The Cuckoo's Nest

Thursday, December 08, 2005

Flightplan

(Warning: spoiler ahead)

When Jodie Foster's latest film Flightplan first appeared, some in the blogosphere were concerned about the idea of a major film, post 9/11, set aboard an airplane, in which the bad guy turns out to be an air marshal, and in which there is a conspicuous cameo for an Arab, falsely accused of wrongdoing, who gets to show at the end of the movie what a nice guy he really is.

If I was looking for a Hollywood liberal 9/11 whitewash, I didn't find it in Flightplan, which is a good, solid thriller, with roots in the best of these films, notably Hitchcock's The Lady Vanishes. Despite Hollywood's liberal idiocies, I would defend their right to make, say, a film in which an Arabic man is falsely accused of a terrorist plot: The Wrong Man, with Art Malik instead of Henry Fonda. Yes, I know Art's Indian, but, damn he was good as an Arab terrorist in True Lies. (Interesting to reflect, too, that Hitchcock was not a liberal: The Wrong Man proceeded not from some weepy liberal breast-beating about injustice, but from a much deeper Catholic wellspring of ideas about guilt and innocence. It's not one of Hitch's best, but imagine what an unbearable film it would have been if made by Stanley Kramer.)

But political considerations pale against the chance to watch another performance by Jodie Foster. She's that rare thing in Hollywood today - a female 'star' who is also a genuinely interesting actress, and for whose already long career one can see no imminent end. I'd like to say that my admiration for her grows with each film, but in fact I don't think it will ever pass the highwater mark of Robert Zemeckis' Contact. Zemeckis knew exactly what he was doing with her: everything that this film wants to say about the alien, the beyond, the sublime, it says with Jodie Foster's face. Probably the best use of an actor's face since the famous last shot of Garbo in Queen Christina.
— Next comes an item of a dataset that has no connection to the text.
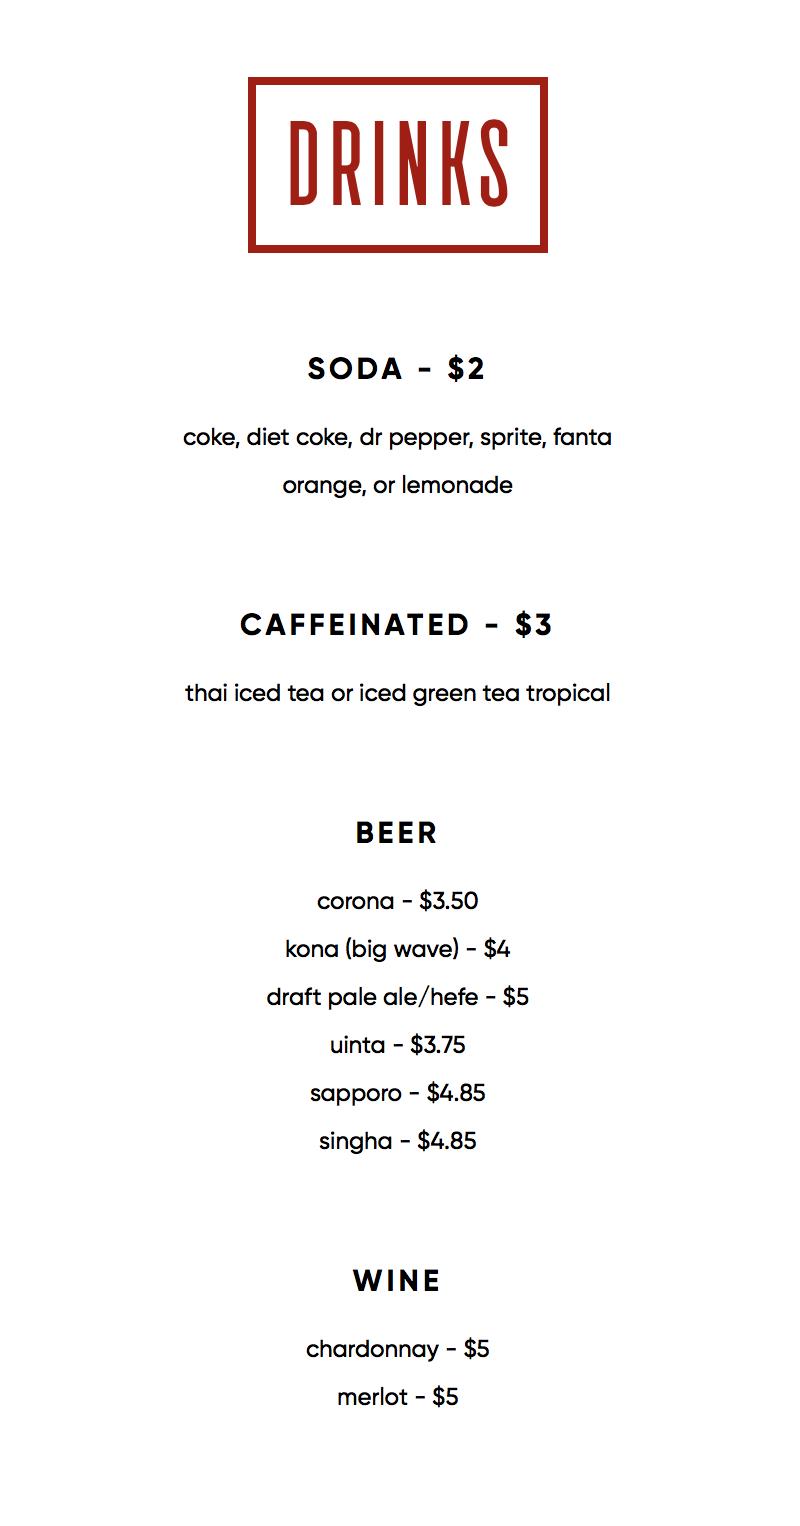 565 Firehouse menu - drinks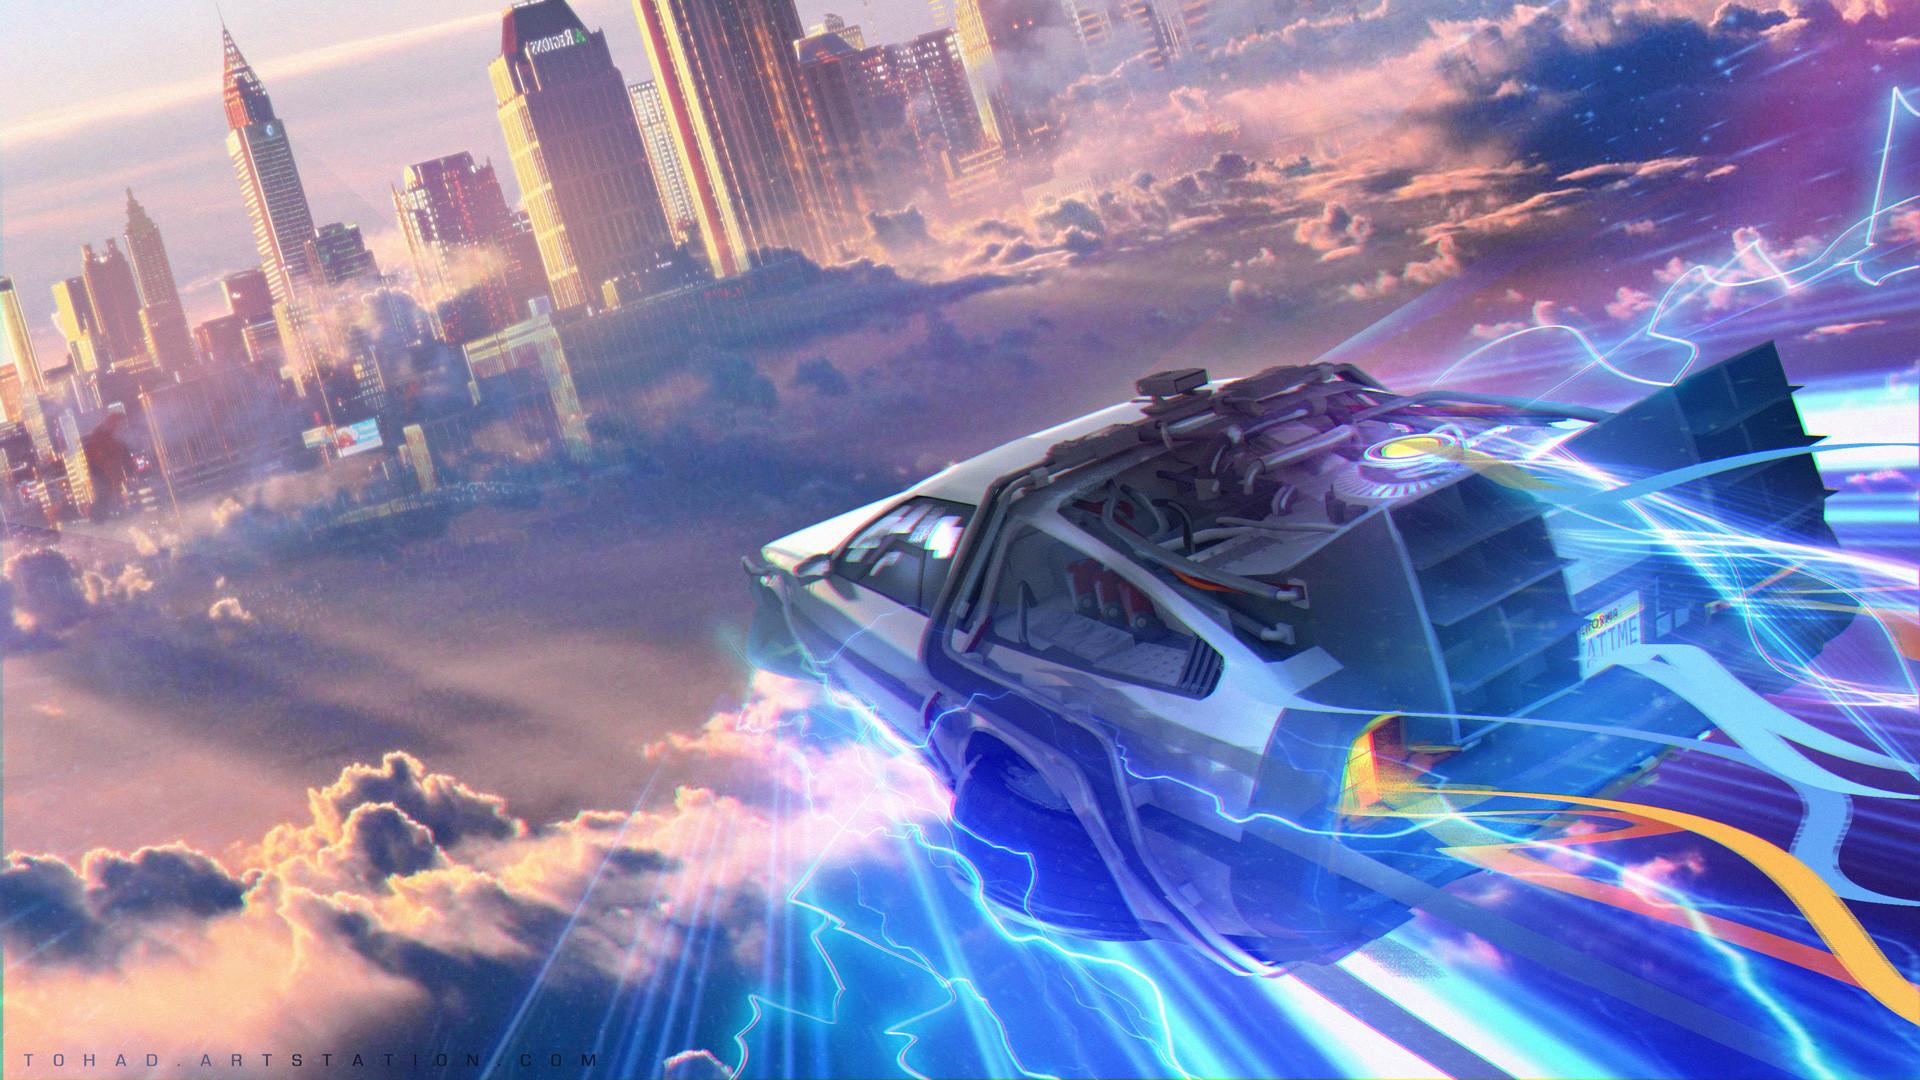 The Time Machine Back To Future DMC DeLorean Flying Artwork Cityscape Science Fiction

As many have already observed, Flightplan is Panic Room at 30,000 feet. The thematic concerns, claustrophobic spaces, and physical action (especially that elbow-swinging run Jodie does when she periodically bursts into action) are very similar in both films. She definitely needs to do some different roles - one wonders if her Leni Riefenstahl project will ever get up, and the synopsis of her second proposed directorial project Sugarland sounds rather dire:

"A recent law school graduate teams with an experienced public-interest attorney to take on a sugar baron on behalf of exploited migrant workers." (IMDB)

Can't wait.

Apart from its merits as a suspense thriller, Flightplan deserves praise for its attention to detail: the casting and performances of the actresses who play the stewardesses is faultless. The physical types are perfect - they get the walk absolutely right, and that unmistakable air of combined hostility, indifference and disdain. Also, the casting of extras is notably good. Very often, directors who would take great pains to get a set or a costume right are surprisingly indifferent to the casting and direction of extras. Nobody in this film strikes a false note - with the possible exception of Peter Sarsgaard as the flight marshal. Perhaps the rationale is that, in real life, air marshals aren't meant to look like air marshals.

As a final comment, for anyone who values the art of screenwriting, Flightplan has a wonderful moment in which a crucial fact is revealed to Jodie, and to the audience, in a way that combines absolute plausibility with a deeply poetic, moving, level of symbolism. I dare not break its spell by describing it.